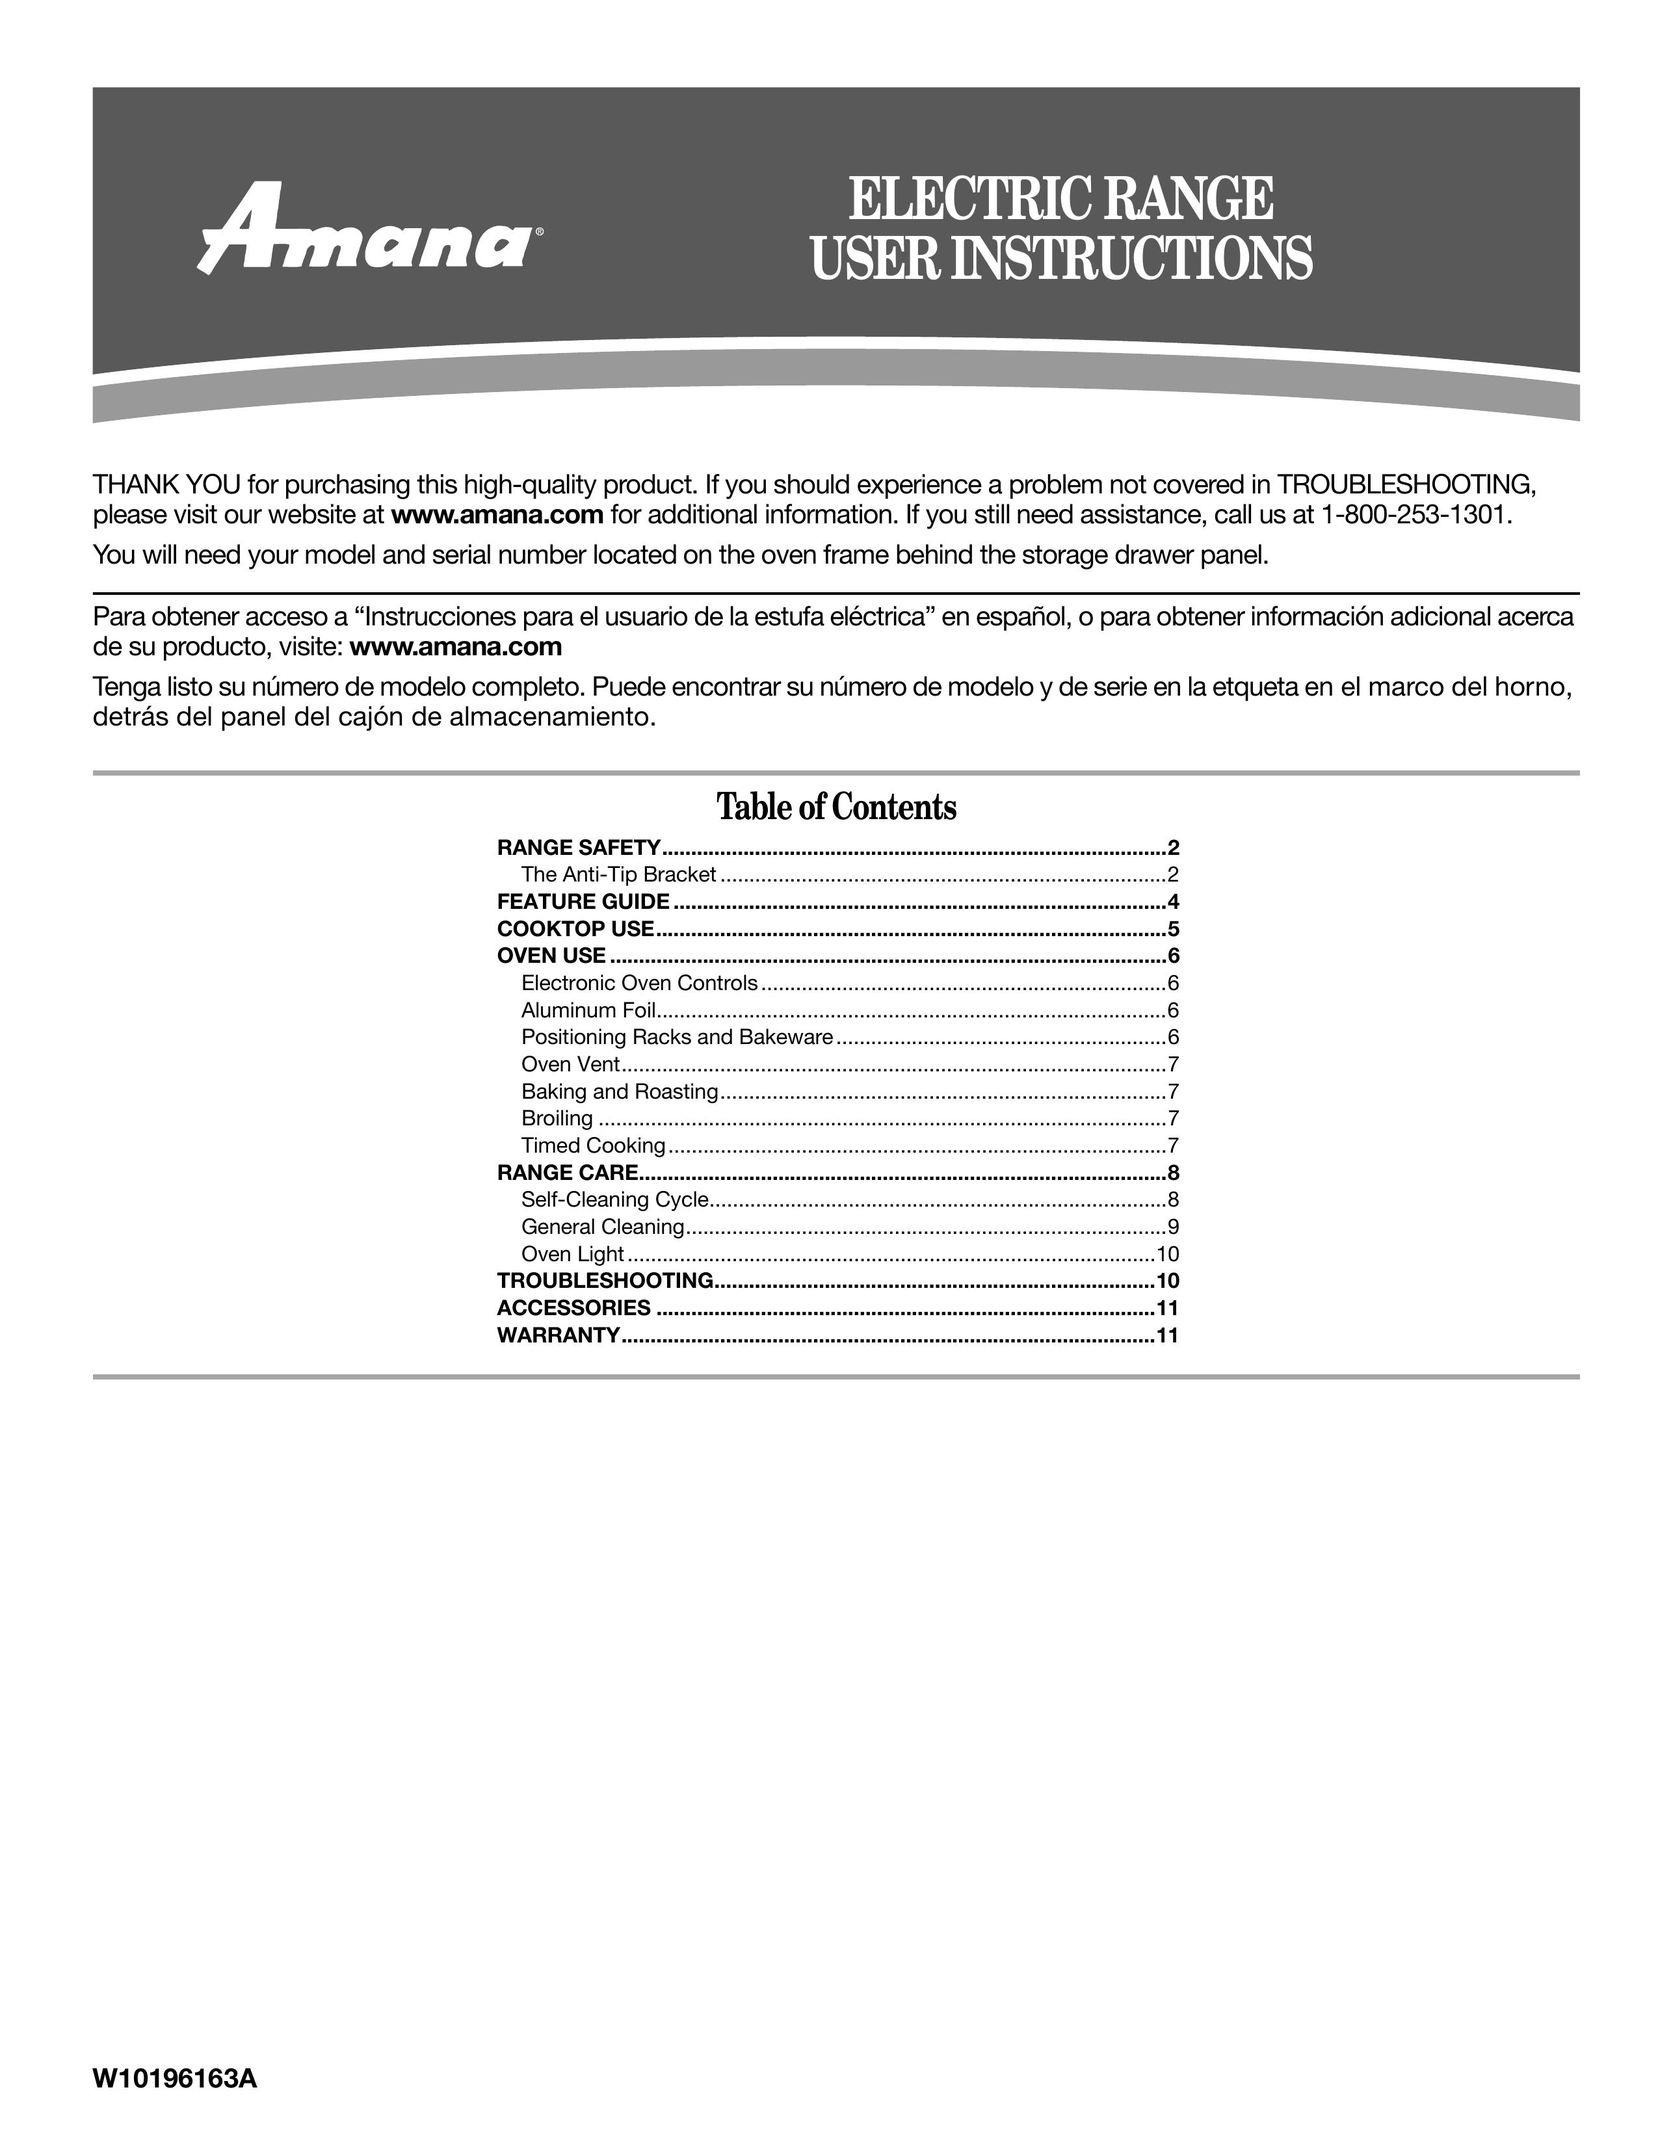 Amana AER5522VAW Range User Manual
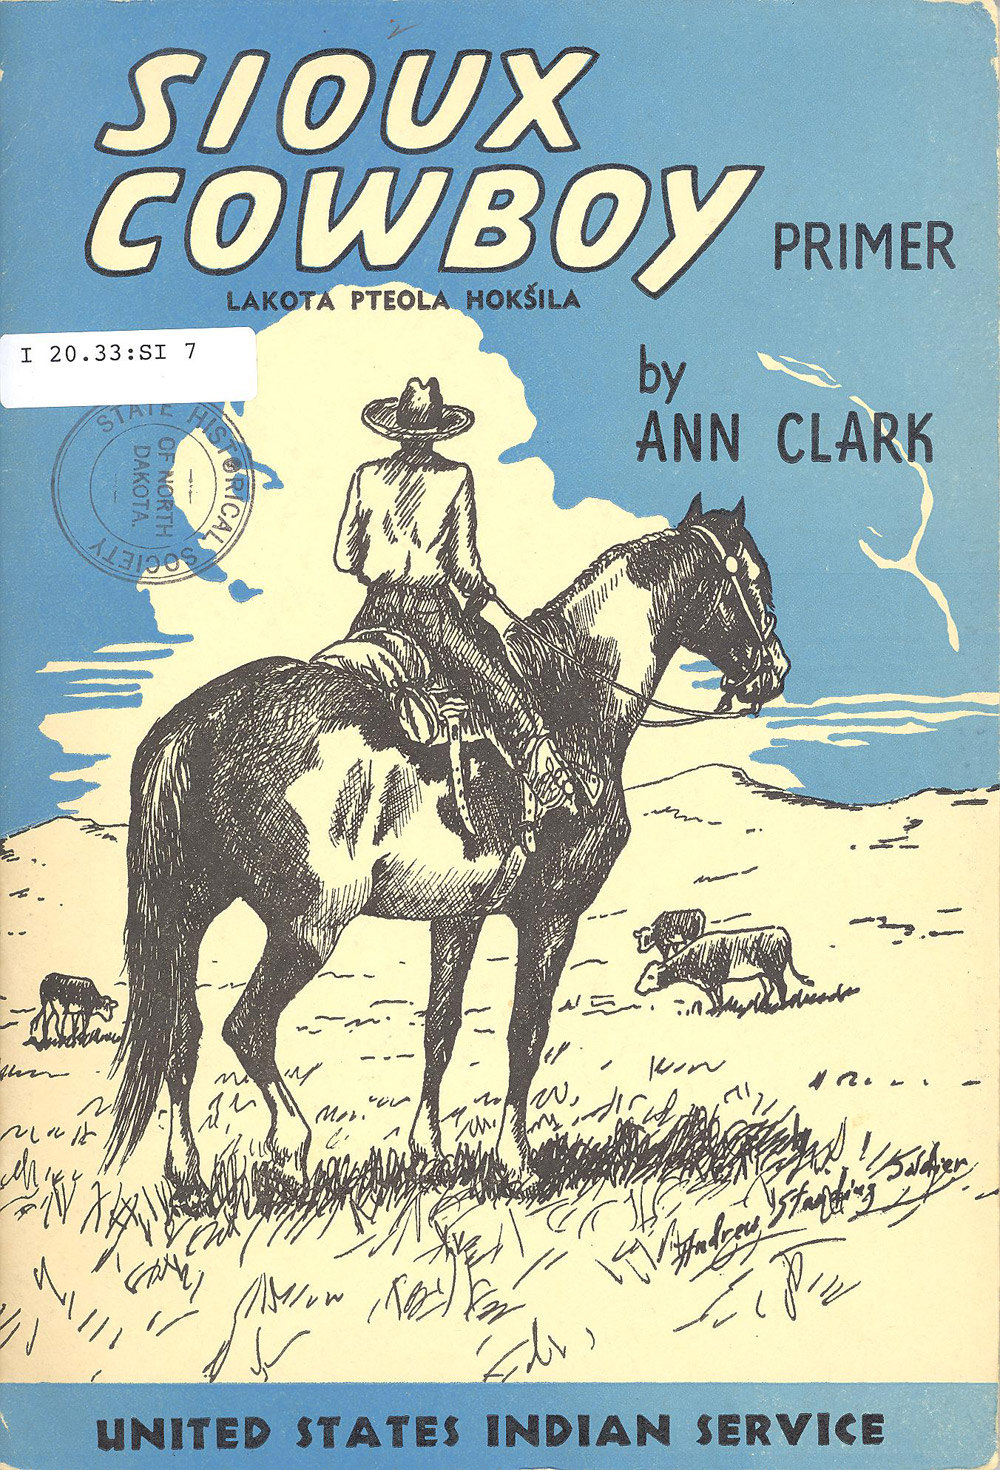 Sioux Cowboy Primer Cover
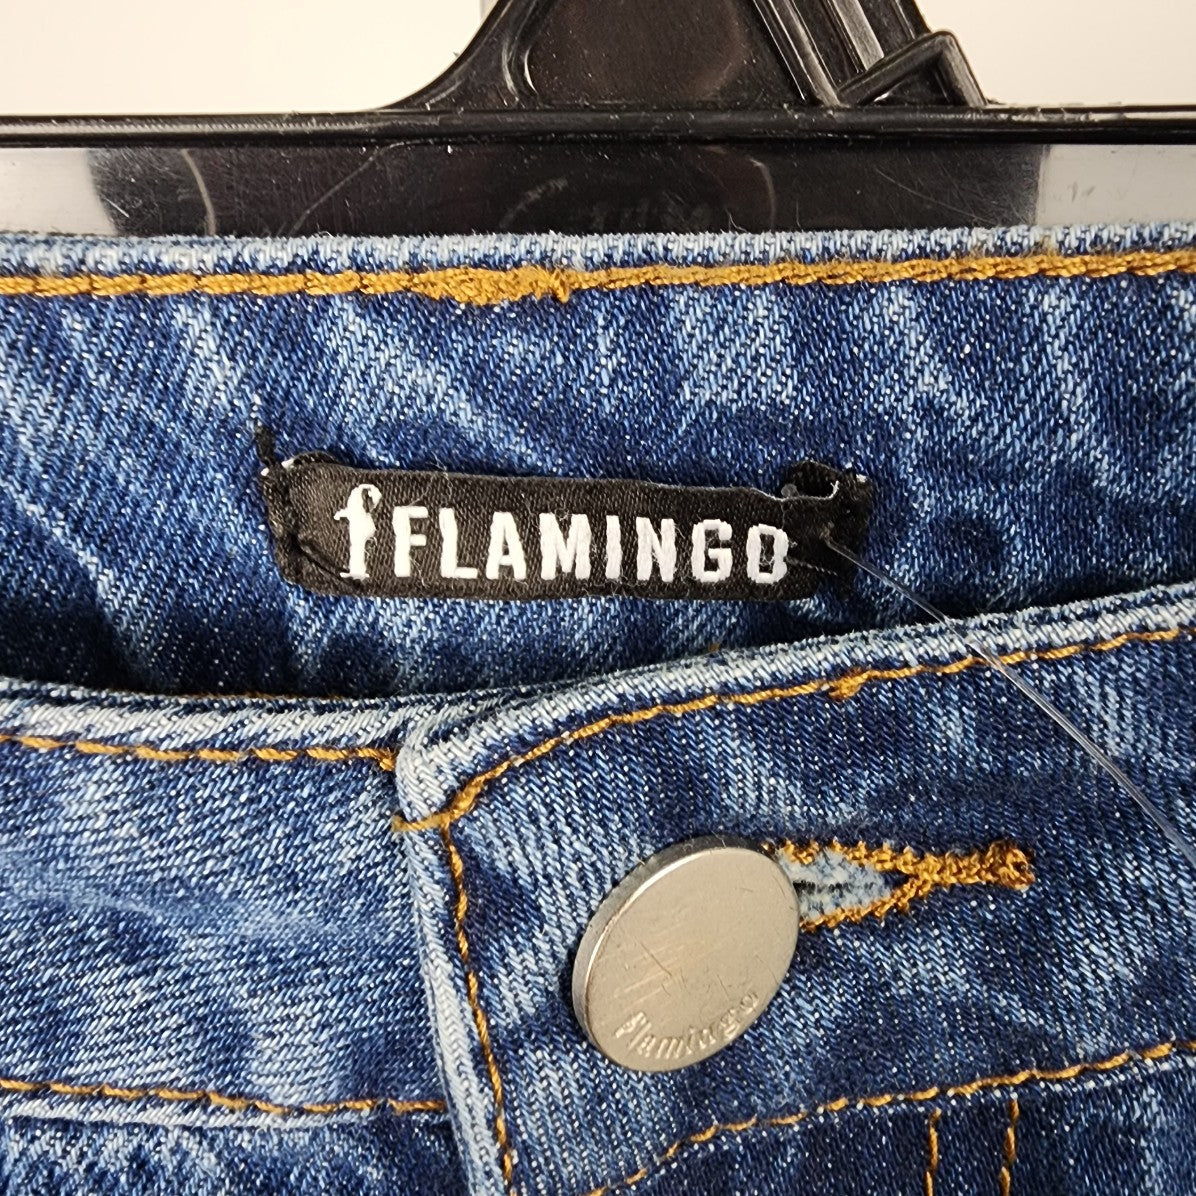 Flamingo Distressed Straight Leg Jeans Size 2-3X

--- TRY IT ---
What you produce must match the listing word for word, with no images in it.

--- TASK OUTPUT ---
 Amana AER5522VAW Range User Manual
 Sioux Cowboy Primer Cover
 Flamingo Distressed Straight Leg Jeans Size 2-3X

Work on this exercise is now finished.